I have a html output which is long and tables' net. The chunk of html, I am interested in, looks like below,

1 - it starts with a font tag as

<font color="#000000">

2 - then there is a lot of html including <br> tags, alphabets, digits, hyperlinks, + sign and other symbols.

3 - My interested code ends on a word "rollnumber"

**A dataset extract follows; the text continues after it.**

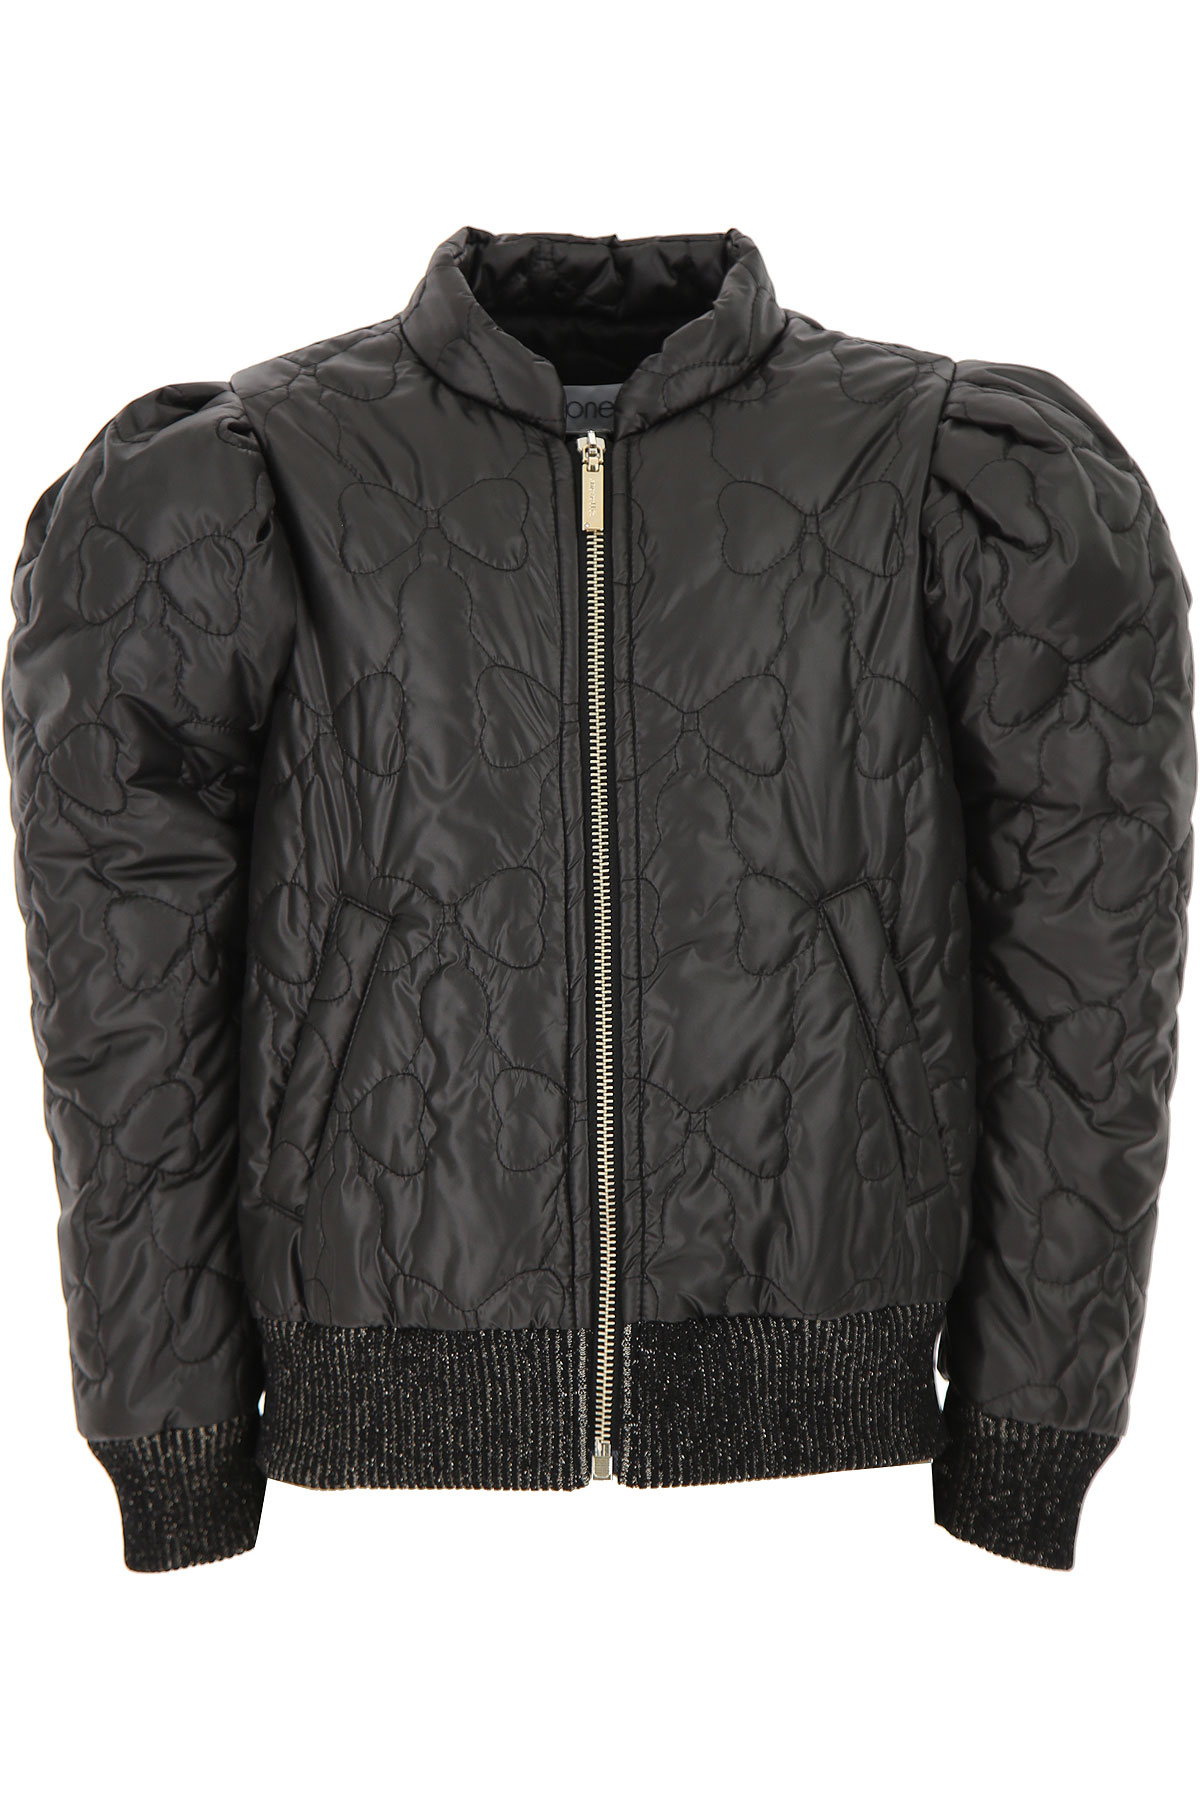 Simonetta Girls Down Jacket for Kids, Puffer Ski Jacket On Sale, Black, polyester, 2019, 10Y 6Y 8Y

So basically I want to fetch all the code between

<font color="#000000">[anything here]rollnumber

for this I have tried regex as below,

preg_match_all("/color=\"#000000\">[\/\(\)-:<>\w\s]+rollnumber/i",$cnt,$mat);

but the $mat received from this regex is an empty array.

Can anybody help please?

thank you.

adb64

7:14 am on Nov 20, 2007 (gmt 0)

10+ Year Member



Hi phparion,

Maybe the following regex will do the job for you:

preg_match_all("/color=\"#000000\">(.+)rollnumber/iU",$cnt,$mat);

You have to use parenthesis around the expressions you want returned.
I also added the U modifier [php.net] to make it ungreedy.

Regards,
Arjan

ayushchd

11:15 am on Nov 20, 2007 (gmt 0)

10+ Year Member



This should give you everything between <font color="#000000"> and rollnumber :

$start_indicate = '<font color="#000000">';
$contents = substr($file_contents, strpos($file_contents, $start_indicate) + strlen($start_indicate));
$end_indicate = "rollnumber";
$contents = substr($contents, 0, strpos($contents, $end_indicate));

$file_contents will have the ENTIRE output.

Ayush

phparion

4:44 am on Nov 21, 2007 (gmt 0)

WebmasterWorld Senior Member 10+ Year Member Top Contributors Of The Month



thank you very much for your replies. However the solution was very simple for me. I was using $cnt while it was $rawHTML which had the target HTML output :D . silly me....

anyway thanks again